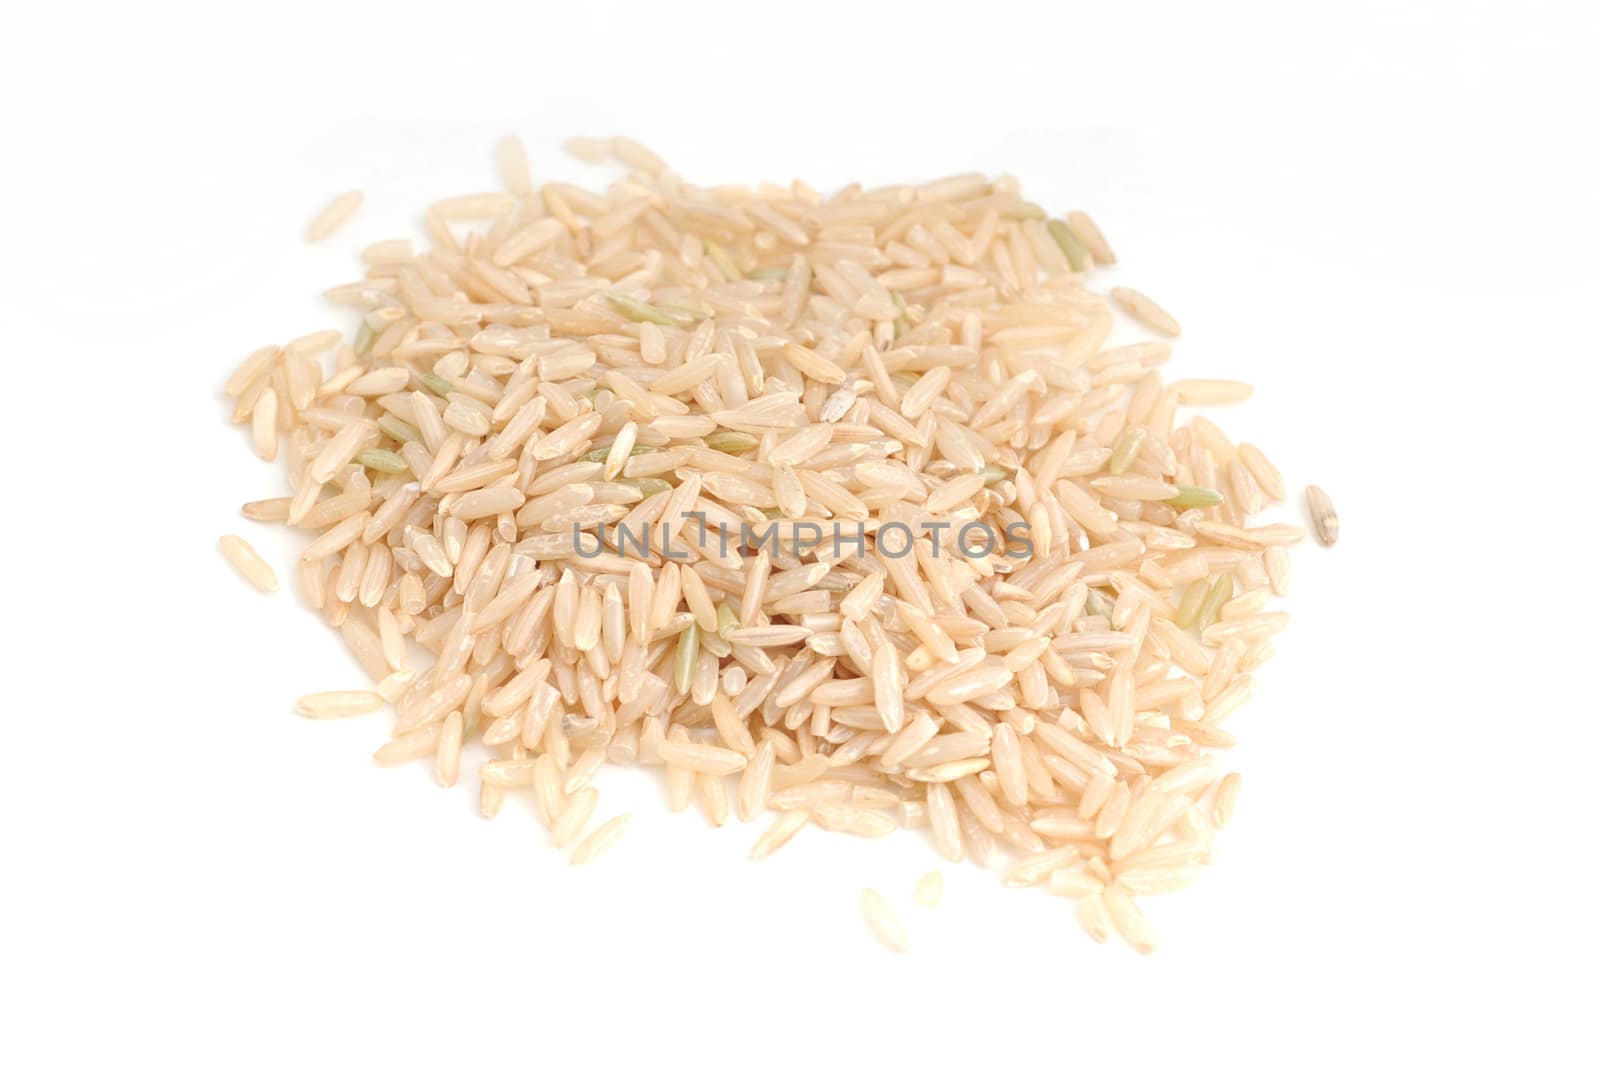 Brown Rice on White by ftlaudgirl
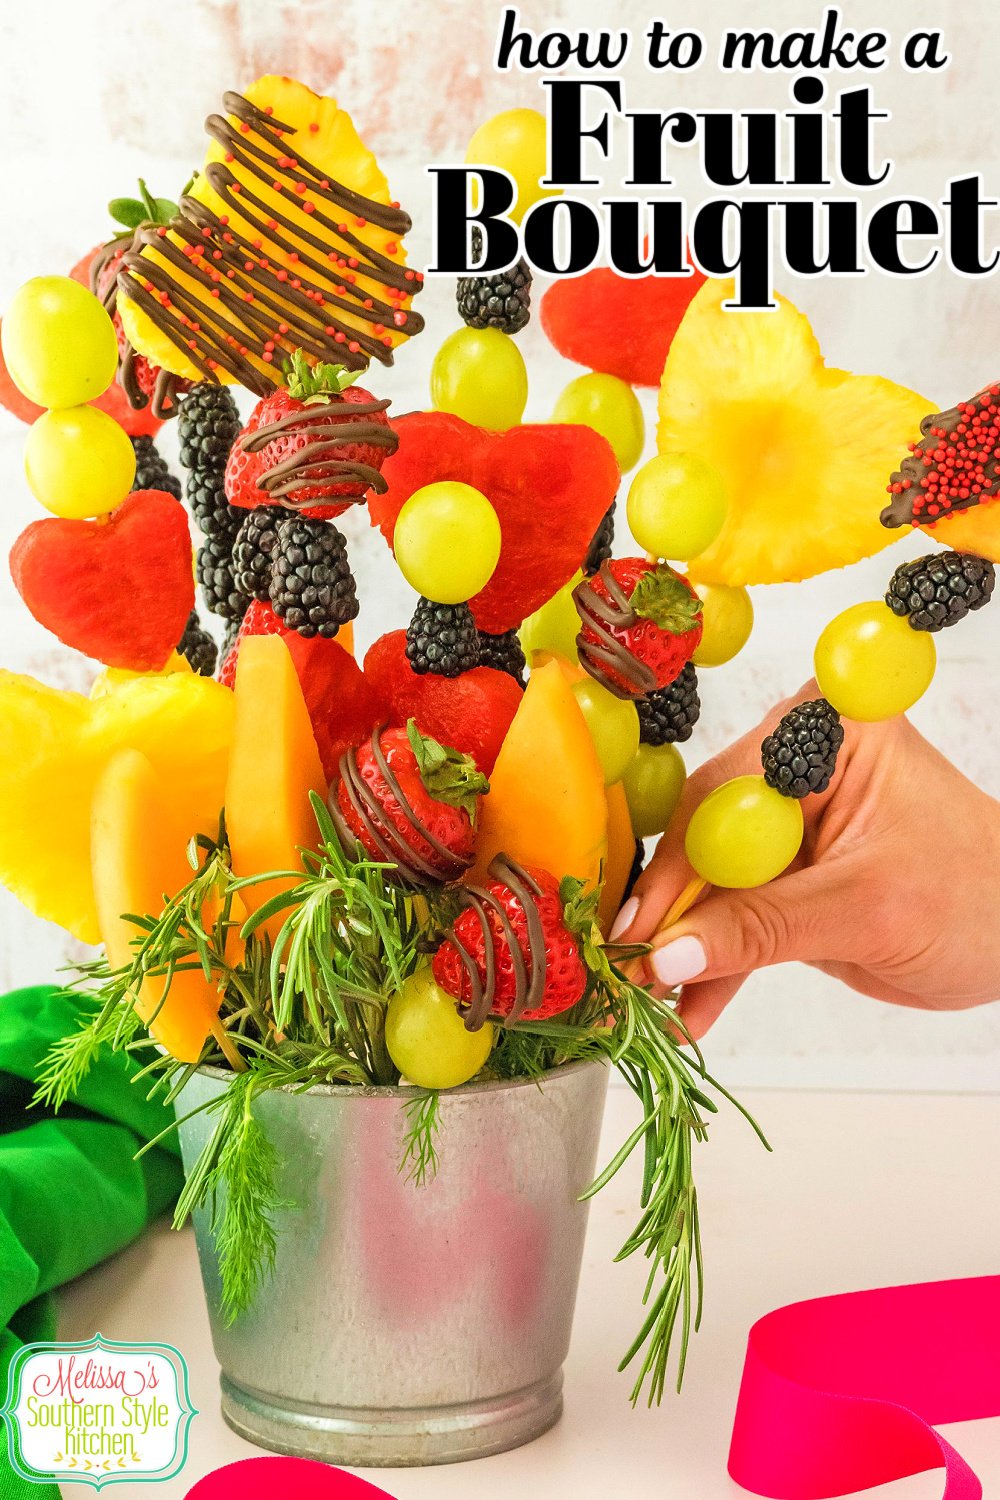 Share this Fruit Bouquet with the special people in your lives #fruitbouquet #howtomakeafruitbouquet #bestfruitbouquets #Valentinedaydesserts #valentinesdaygifts #freshfruit #fruit #fruitrecipes #dessert #dessertrecipes #homemadegifts via @melissasssk
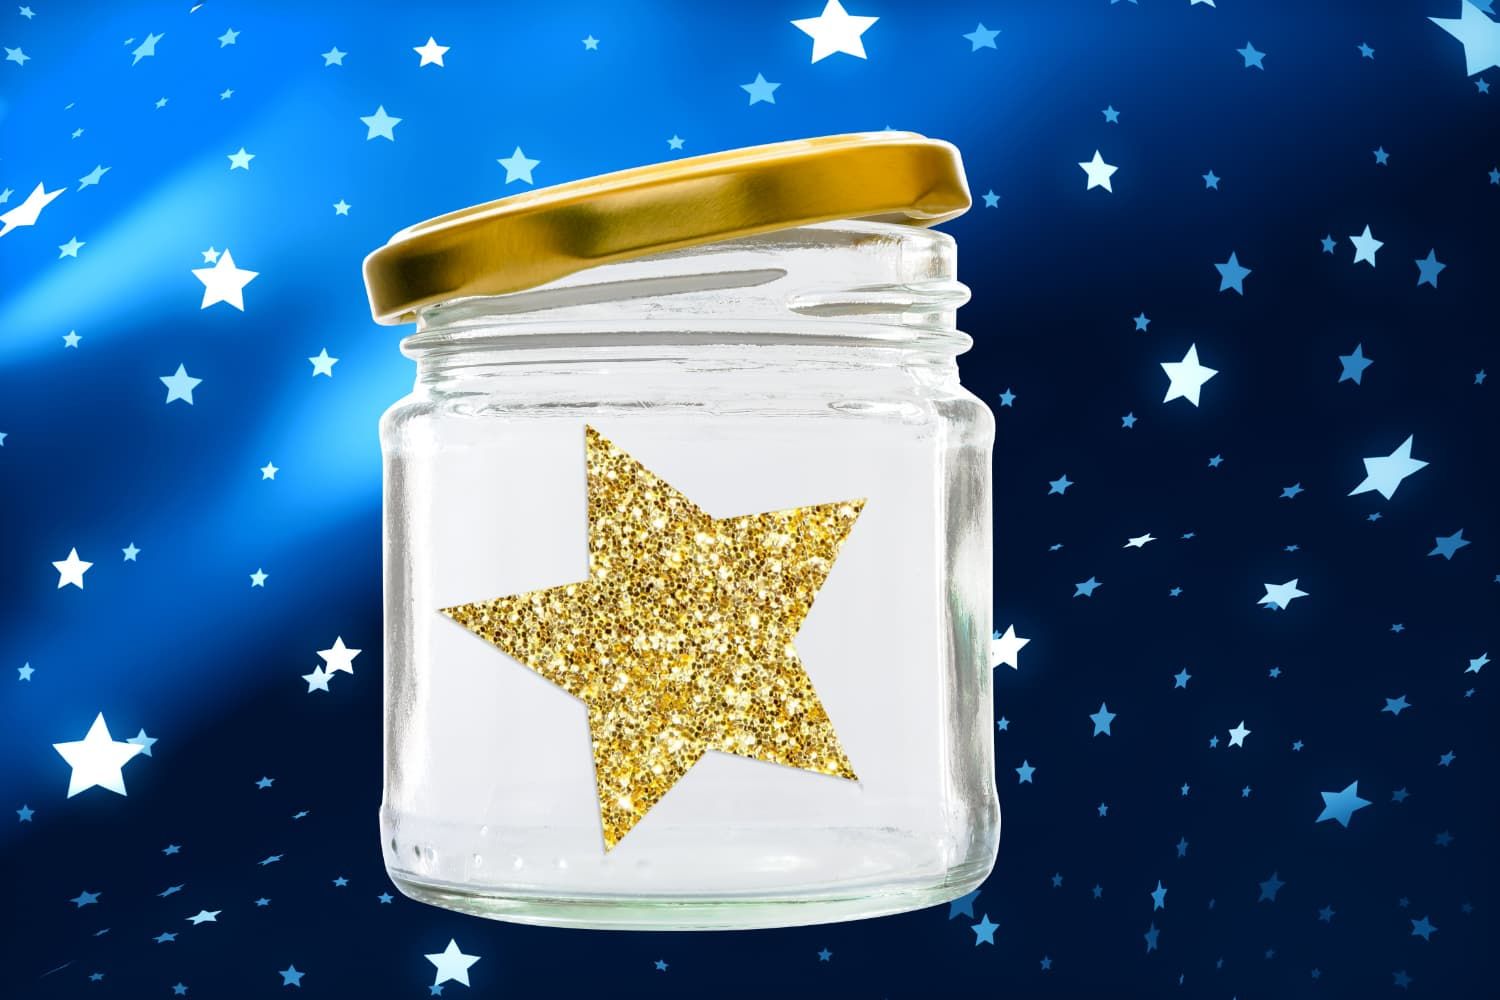 Object%20lesson%20-%20Stars%20in%20a%20jar-6132cbc5 Father / Father's Day
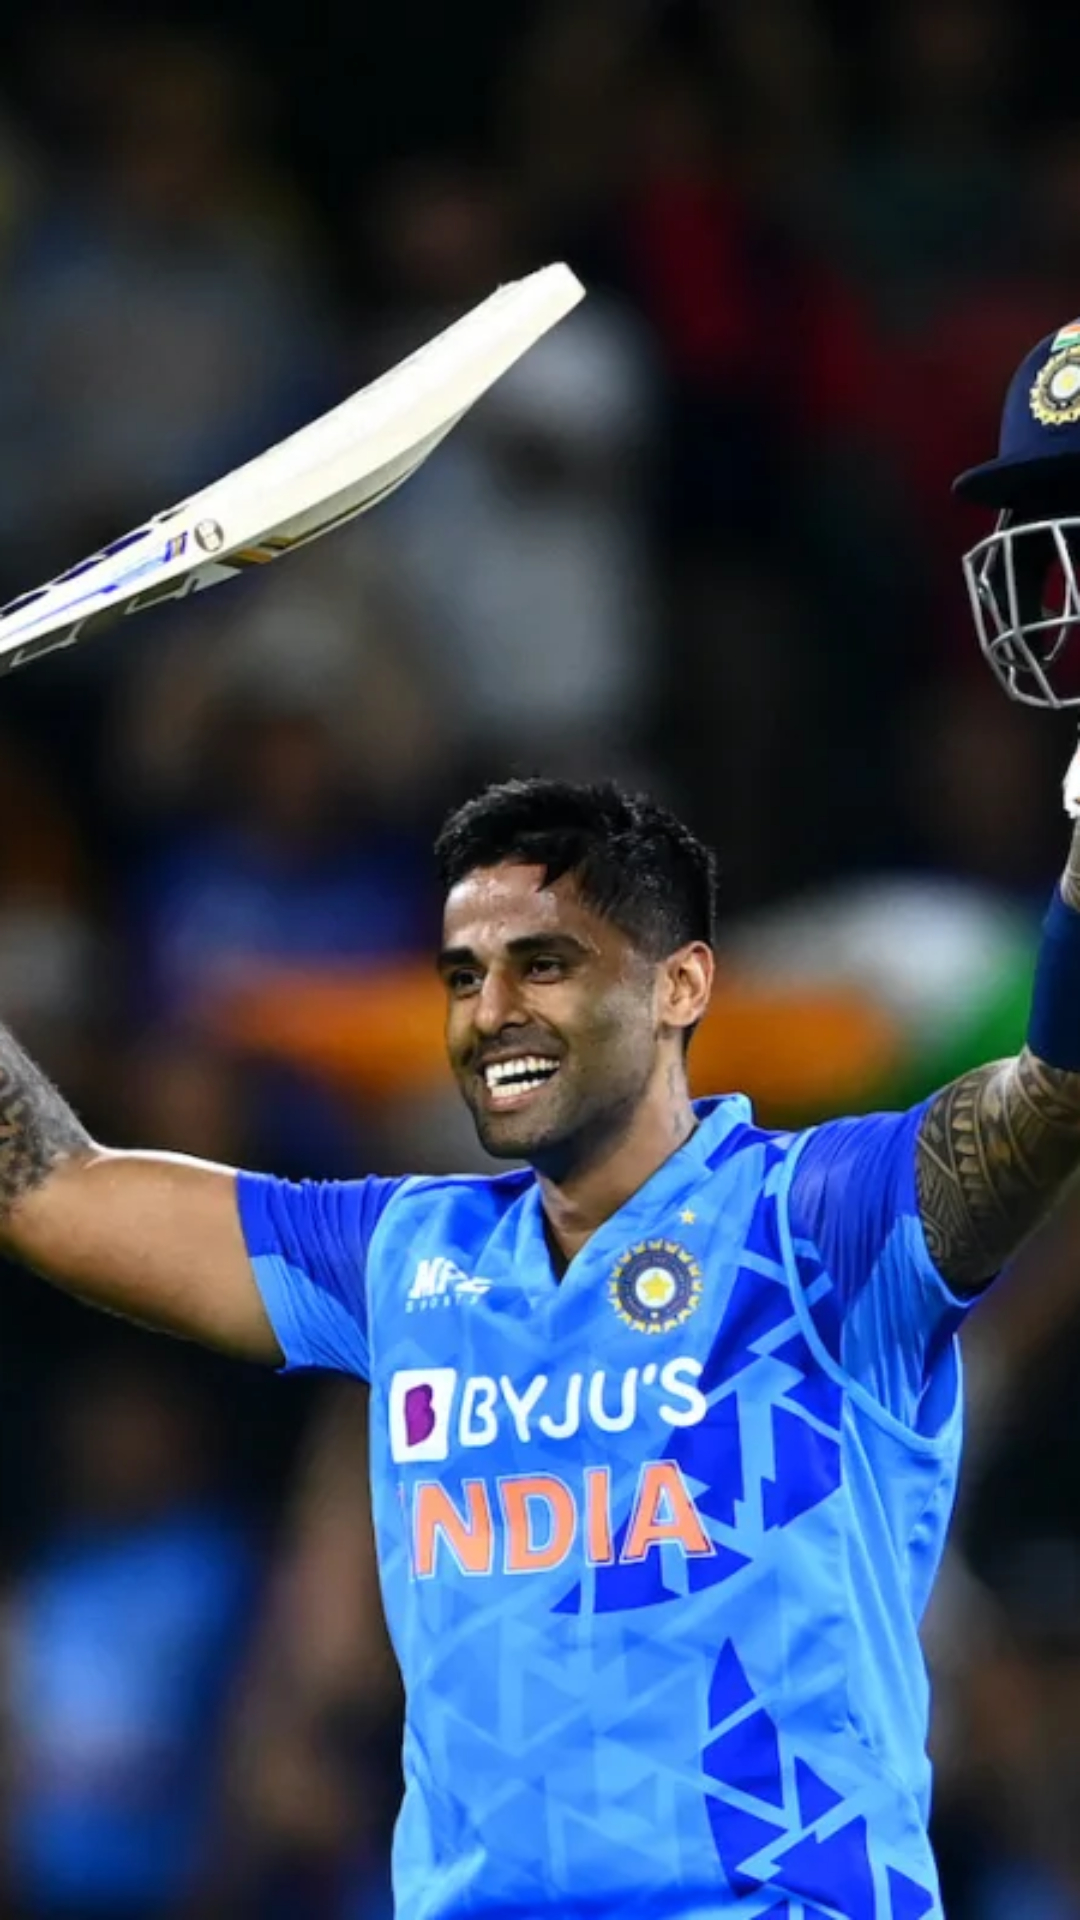 Here's looking at Suryakumar Yadav's record breaking T20I numbers in 2022

EXERCISE DESCRIPTION —
Write the data out again exactly, but without its images.

ANSWER BELOW —
 Brown Rice on White by ftlaudgirl
 Share this Fruit Bouquet with the special people in your lives #fruitbouquet #howtomakeafruitbouquet #bestfruitbouquets #Valentinedaydesserts #valentinesdaygifts #freshfruit #fruit #fruitrecipes #dessert #dessertrecipes #homemadegifts via @melissasssk
 Object%20lesson%20-%20Stars%20in%20a%20jar-6132cbc5 Father / Father's Day
 Here's looking at Suryakumar Yadav's record breaking T20I numbers in 2022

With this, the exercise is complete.